The QNX filesystem achieves high throughput without sacrificing reliability. Although the filesystem is designed to be as robust as possible, there will always be situations in the real world where disk corruption will occur. Hardware will fail eventually, power will be interrupted, and so on.

The QNX filesystem has been designed to tolerate such catastrophes. It is based on the principal that the integrity of the filesystem as a whole should be consistent at all times. While most data is held in the buffer cache and written after only a short delay, critical filesystem data is written immediately. Updates to directories, inodes, extent blocks, and the bitmap are forced to disk to ensure that the filesystem structure on disk is never corrupt (i.e. the data on disk should never be internally inconsistent).

If a crash occurs, you can use the following file maintenance and recovery utilities:

These utilities will let you determine whether any damage was done to files that were open for writing at the time of the crash. These same utilities can also fix such damage, and in many cases will completely restore the filesystem.

Sometimes the damage may be more severe. For example, it's possible that a hard disk will develop a bad block in the middle of a file, or worse, in the middle of a directory or some other critical block.

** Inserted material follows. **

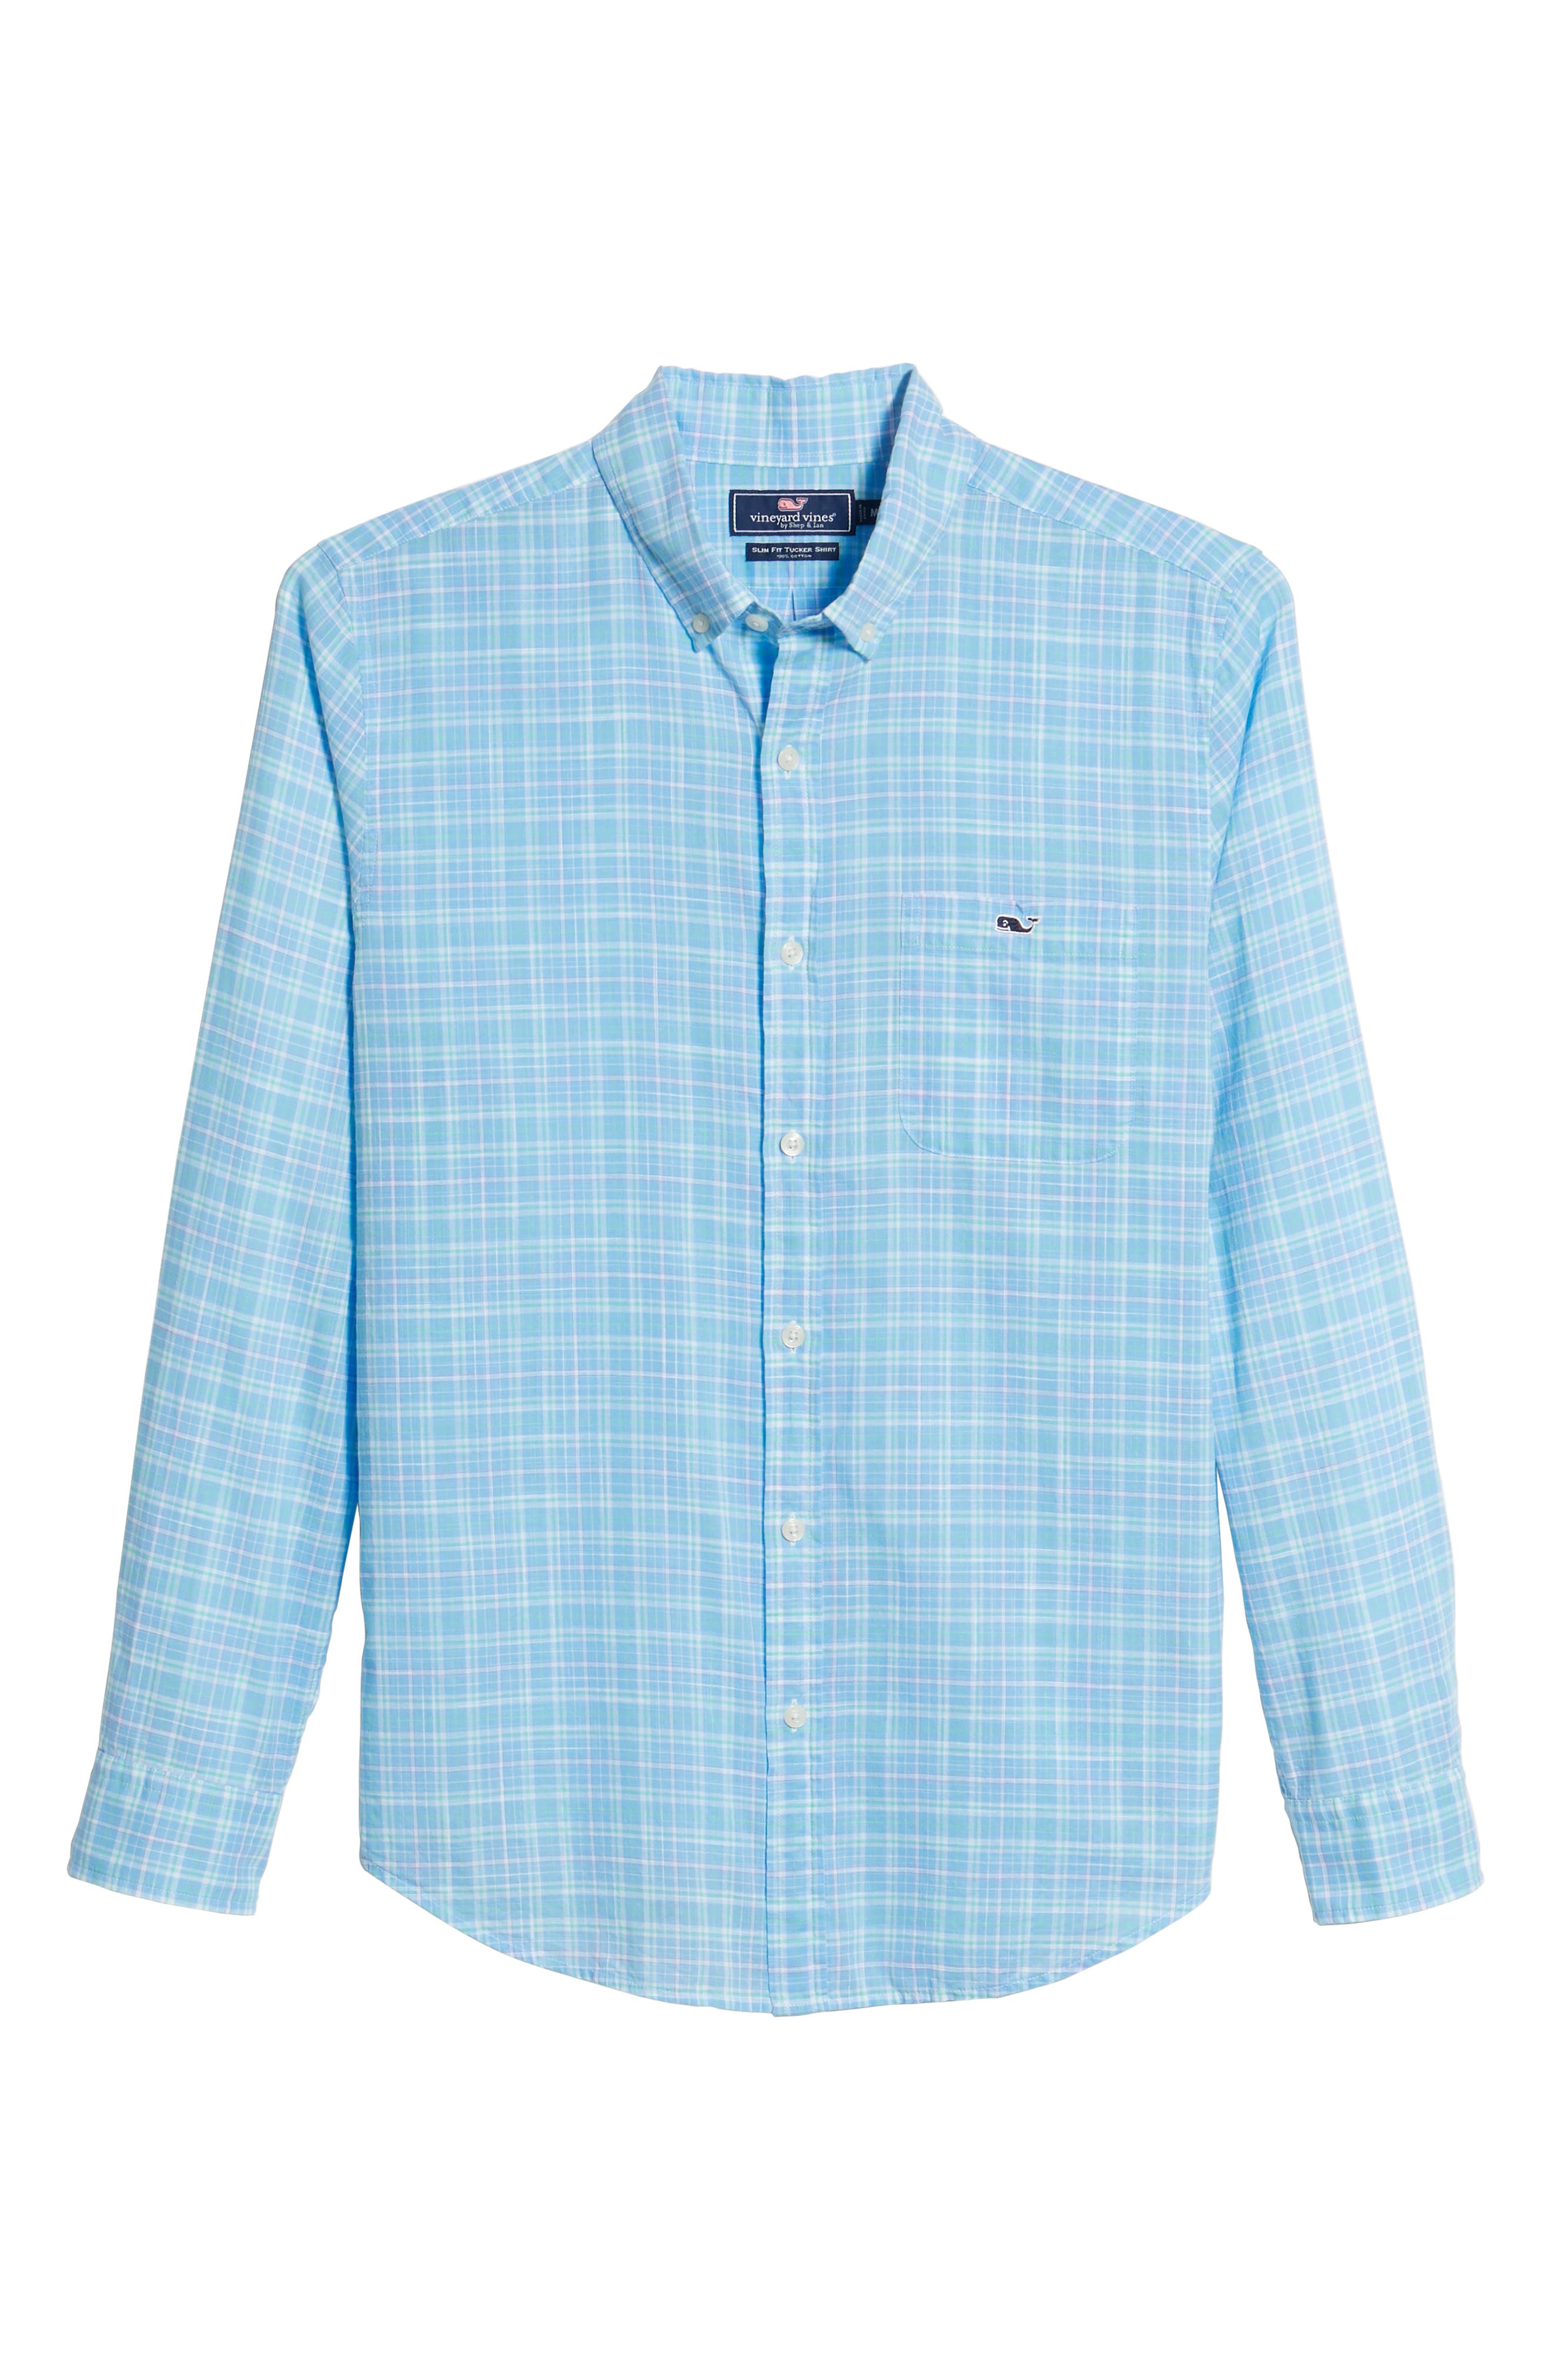 Stoney Hill Tucker Classic Fit Plaid Sport Shirt,                             Alternate thumbnail 16, color,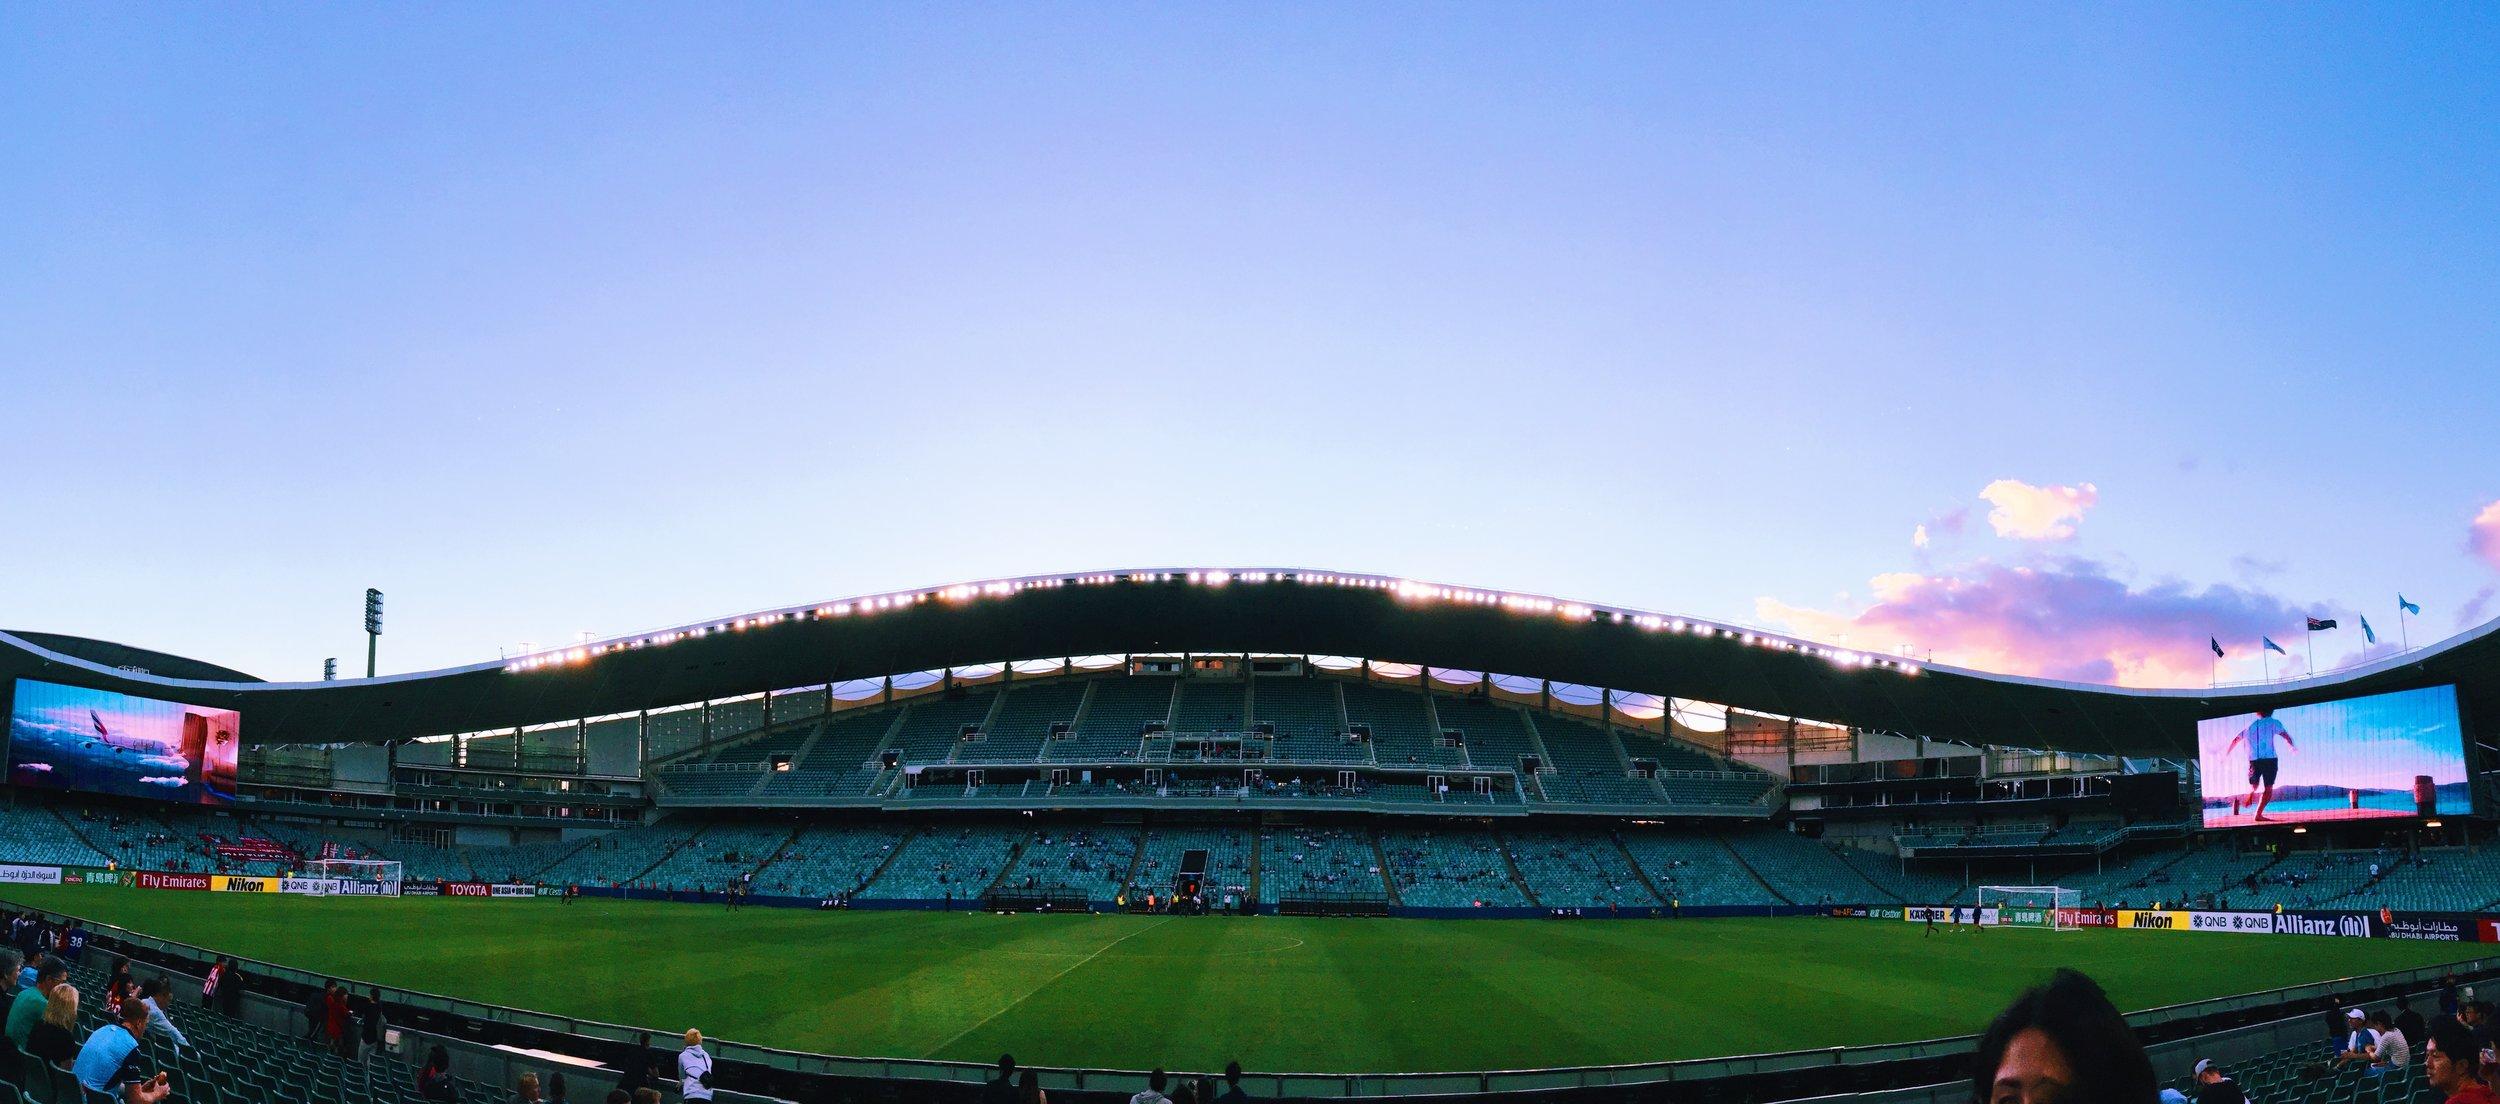 Allianz stadium, Sydney

Again, the utilities we've provided can help you determine the extent of such damage. You can often rebuild the filesystem in such a way as to avoid the damaged areas. In this case, some data will be lost, but with some effort, a large portion of the affected data may be recovered.

Making a recovery floppy

You should always have a recovery floppy on hand if, for whatever reason, a machine won't boot from hard disk.


Note: This procedure applies only to QNX systems that were shipped on diskette. If your QNX system came on CD-ROM, refer to the technote in /etc/readme/technotes/qnx_install, which documents a script for creating a boot floppy.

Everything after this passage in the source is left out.